The top most scored movie is Shawshank Redemption, The (1994) with a nice score of 4.43


Content Based Filtering

Now let us apply Content based filtering to Shawshank Redemption, The (1994) and find similar movies to it

The results for Content based filtering are:

  1. Casino(1995)

  2. Shanghai Triad (Yao a yao yao dao waipo qiao) ...

  3. Dead Man Walking (1995)

  4. Hate (Haine, La) (1995)

  5. Young Poisoner's Handbook, The (1995)

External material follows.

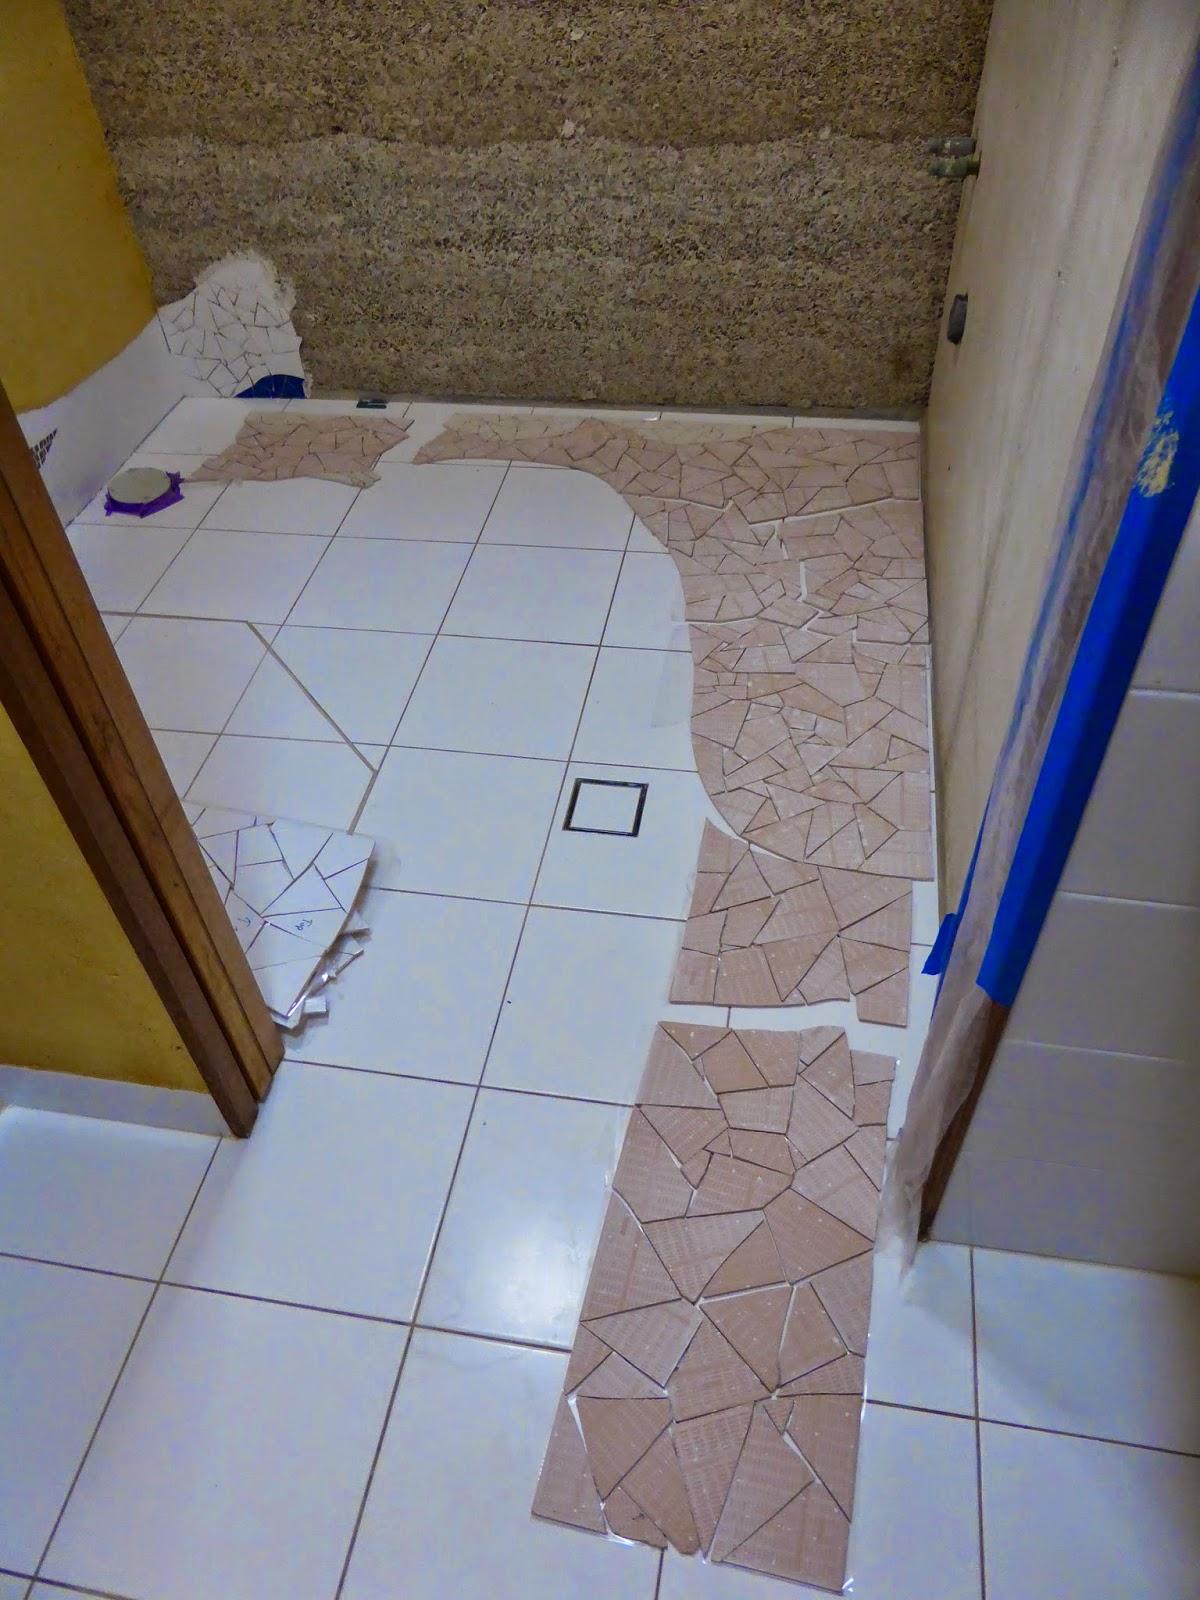 Culburra Hemp House: Tiling on Hemp Walls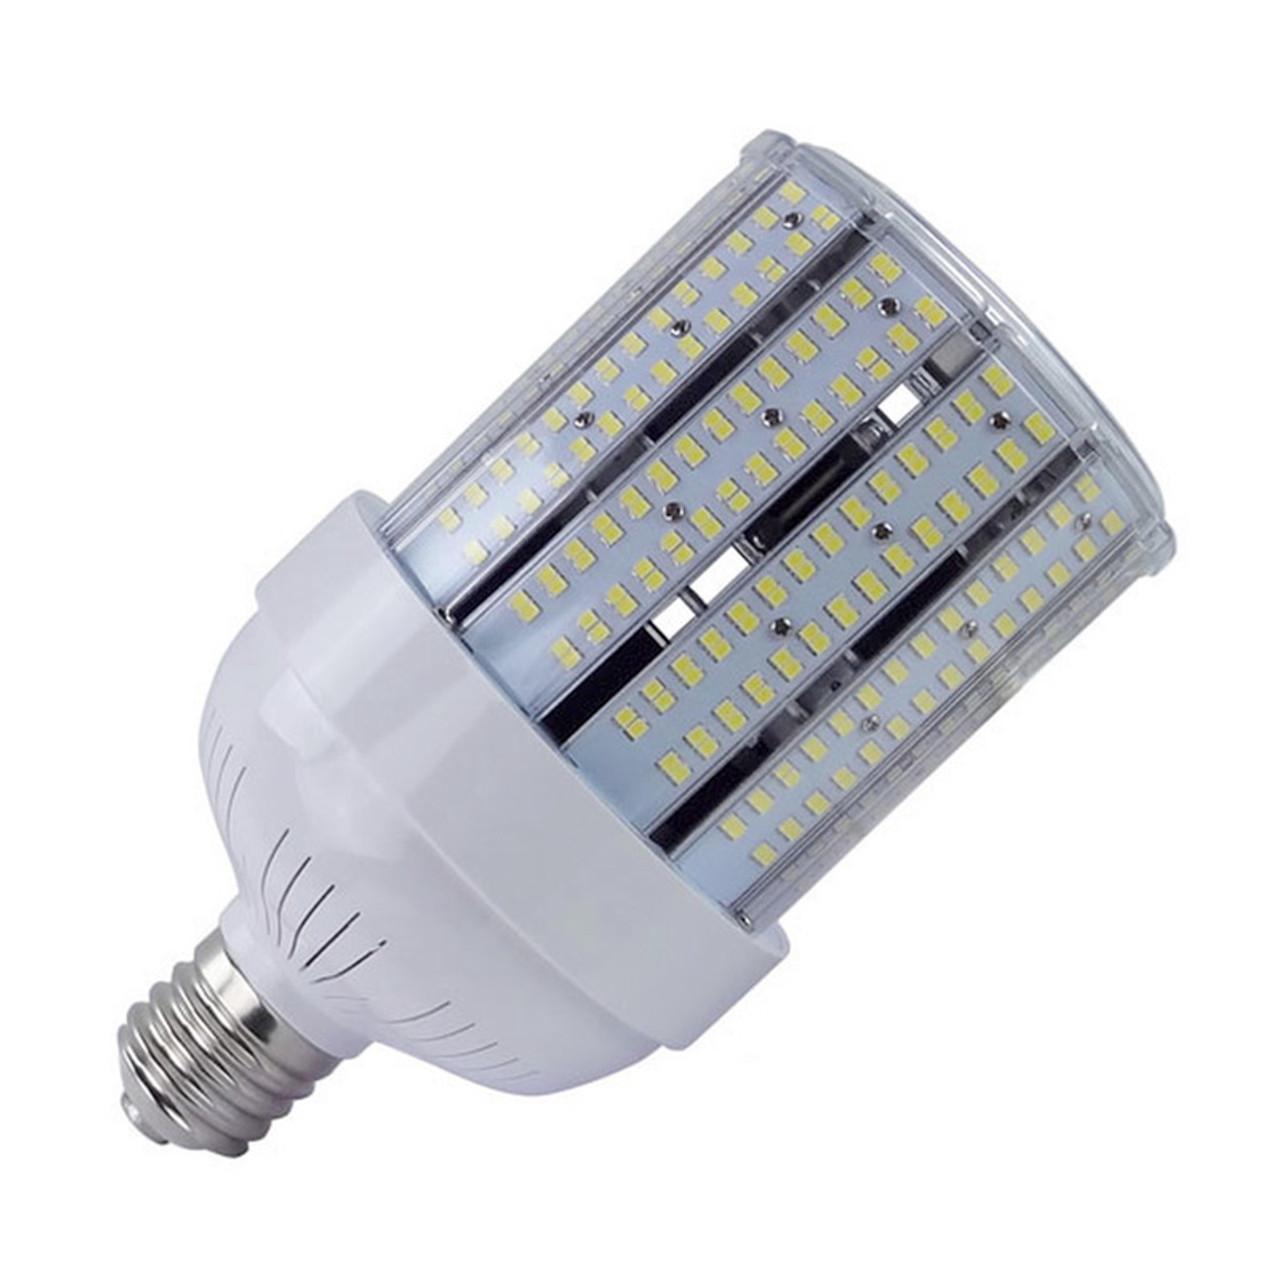 135 Watt Stubby Led Corn Bulb Replaces 500 Watt Hid 20 250 Lumens Dlc Listed Etl Listed 50 000 Hours 10 Year Warranty Led Global Supply

  6. Glass Shield, The (1994)

  7. Heavenly Creatures (1994)

  8. Little Odessa (1994)

  9. New Jersey Drive (1995)

  10. Once Were Warriors (1994)



The above systems are not personal hence any user using them will receive the same recommendations


Collaborative Filtering

Let us improvise it by using Collaborative Filtering. Lets say we want to recommend the user-19 some movies:


Top 10 Recommendations for UserId 19 are:
  1. Independence Day (a.k.a. ID4) (1996)

  2. Toy Story (1995)

  3. Twister (1996)

  4. Rock, The (1996)

  5. Mission: Impossible (1996)

  6. Willy Wonka & the Chocolate Factory (1971)

  7. Fargo (1996)

  8. Mr. Holland's Opus (1995)

  9. Broken Arrow (1996)

  10. Birdcage, The (1996)

These are generated by our model and now lets compare these with the movies which user-19 rated the best


Rating Title Genres
5.0 Birdcage, The (1996) Comedy
5.0 Fargo (1996) Comedy/Crime/Drama/Thriller
5.0 Sabrina (1995) Comedy/Romance
5.0 Eddie (1996) Comedy
5.0 Celtic Pride (1996) Comedy
5.0 White Squall (1996) Action/Adventure/Drama
5.0 Rumble in the Bronx (Hont faan kui) (1995) Action/Adventure/Comedy/Crime
5.0 Heat (1995) Action/Crime/Thriller
5.0 Toy Story (1995) Adventure
5.0 Mr. Holland's Opus (1995) Drama

Do not worry if the predicted top movies are not same as the user's top recommendations. Here, we completed the utility matrix and predicted which movies have got the highest rating. Based on a particular user, if the user has rated other movies which he did not rate previously, then we understand the user and estimate the ratings he will give to new ones. May be some new movies which the user did not rate has got good ratings, hence we recommend those.

Hence this system performs good at personalizing recommendations and understanding the user better.

Kudos, finally we are able to create a personalized system for users in our dataset.